These were the little ones I was telling you about on Saturday  they are so chunky it's kinda funny!


----------



## salemsparklys

Bless, will be interesting to see them up and running


----------



## Sizzlea89

Haha it sure will be! Not long now! Haha a few days at most and I will have hoppers!


----------



## TwitchingWhiskers

They look very nice and chunky. I'm so glad you got a litter that is doing well


----------



## Sizzlea89

They are huge compared to previous litters


----------



## TwitchingWhiskers

That's a very good sign. One of my previous litters was fat and chubby, and the mice I raised from the litter are now real stunners, good type and size.


----------



## Sizzlea89

That's great! It's always a bonus when they grow up to be big healthy babies!


----------



## TwitchingWhiskers

Sure is!


----------



## Sizzlea89

Have you got pictures up? I would love to see them


----------



## TwitchingWhiskers

One is a doe, TWM's Kira; the other is a buck, he has no real name though I have been calling him Stanley. :lol: I will try to get pictures soon, it's probably time I got updated photos of my bunch anyway. Just so you know, they are pet type, so they won't be super stunning large tulip ears or anything; they are good type compared to my other mice.
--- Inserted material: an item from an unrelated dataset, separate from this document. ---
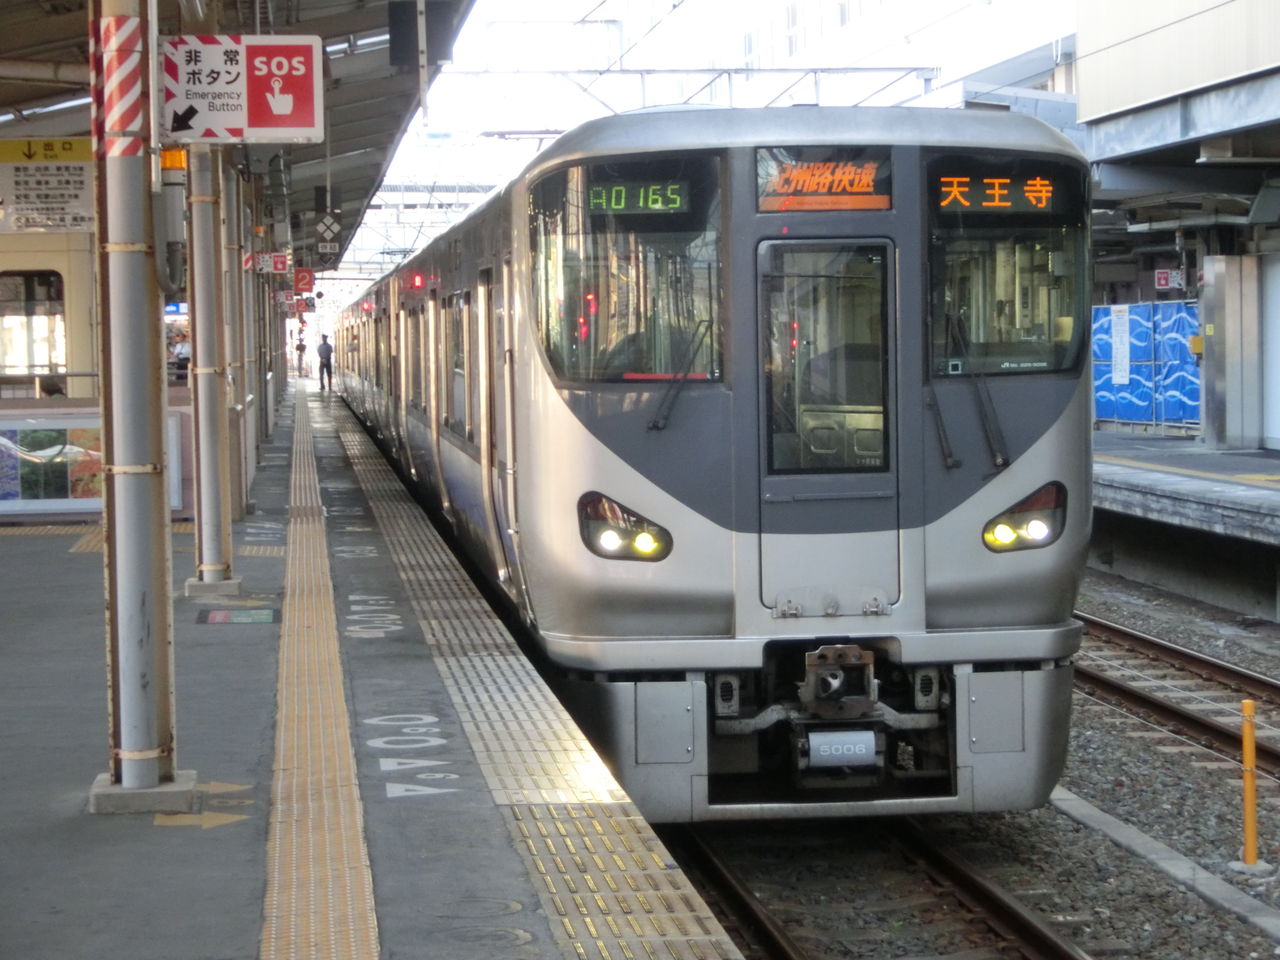 阪和線 折り返し設備の新設 拡充で運転見合わせ区間を短縮へ 関西のjrへようこそ

I will have show mice one day.


----------



## Sizzlea89

Awesome I will have a look! Stanley is an awesome name! One of mine is called Trevor haha! I'm the same mine are all pets, I wouldn't even know how to get a hold of a show type! I just like their colours and faces  iv been lucky with the ones i have managed to get! I still have big old frank that was my first mouse. He is now retired but I'm keeping him and then fudge which was my 2nd mouse believed to have been female when I was handed him. Poor wee guy! Es away to his new home now and being spoiled!  I do miss ones that leave us! I'm just waiting for this litter to be fully weaned now so I can grow them to rehome! Iv got a deal with the local pet shop


----------



## TwitchingWhiskers

Stanley's a big boy, kind of pudgy too. :lol: I think I could get a hold of show type mice, but I'm still preparing myself and learning as much as I can. That's the most important thing for me, easing into it, no rush... and waiting until I am FULLY prepared before jumping into something I cannot handle. The pet types that I breed are not only practice for me, but I also have goals for them; I will not breed without goals, I see that as plain irresponsible. Anyway, still no pictures of them, I will try to remember! There is one picture of Kira on my baby thread; it's Current Litters - Ginger and Mr. Puffs Babies.


----------



## Sizzlea89

Yeah your right! You should always have a goal! Mine is currently to produce some blues from a doe that has blue parents and a blue buck from a friend, didn't work out too well this time around but I'm sure I will manage. The local pet shop is currently waiting for this litter to be ready which is good because at least they will all find pet homes


----------



## TwitchingWhiskers

Yep, lot's of goals. Blues are very nice, I hope you get some.


----------



## Sizzlea89

Haha trying my best  well the mice are, just being careful to space litters out. By the way mr. Puff! What an awesome name! Haha cute!!


----------



## TwitchingWhiskers

Thanks!


----------



## fancyteddy1

Beautiful! Love the pied ones! 

What's the cat food you fed momma, if you dont mind me asking?


----------



## Sizzlea89

It's kitten food, I can't remember what make that was because iv had to change my kittens food several times, just now she is on whiskers. She has been having terrible problems with her digestive system. Poor little 7 month old cat!


----------



## TwitchingWhiskers

Pictures are in: Bro n' Sis


----------



## Sizzlea89

Ooh I will go have a look


----------



## Sizzlea89

Up to date photo, the 2 white males and the brown and white female is sold.
The rest are still to find homes


----------



## Sizzlea89

So I took some photos of buttons and mini buttons!


----------



## TwitchingWhiskers

Oh my gosh, I love it! Buttons and mini buttons... the best!!


----------



## Lyra

In the first and second photo, they almost look like mirror reflections! Cool!


----------



## Sizzlea89

Mini buttons has been named misty! But I just thought it was cute! She is almost her mums double! I sat for 20 minutes with a rubbish iPod camera trying to get pictures haha! Not an easy task! Most of the pictures were blurred or rump side haha! These were the best I got! Glad they got viewed  they are doing great! Only youngster out of the litter I kept just because she is so similar to her mum! So pleased with the outcome of that litter and now that they are all away to new homes within a week of the ad going up!  only got bucks from another does litter left and have no idea what I'm going to do with the extra bucks! Got 6 needing homes. I am sure they will get somewhere eventually!


----------



## Sizzlea89

Buttons has been my favourite since I swapped a troop of 12 males for her and her 2 sisters! She was 8 weeks old and I picked her first haha! Wee coffee was an extra bonus but she's a muncher and is just cute and cuddly!


----------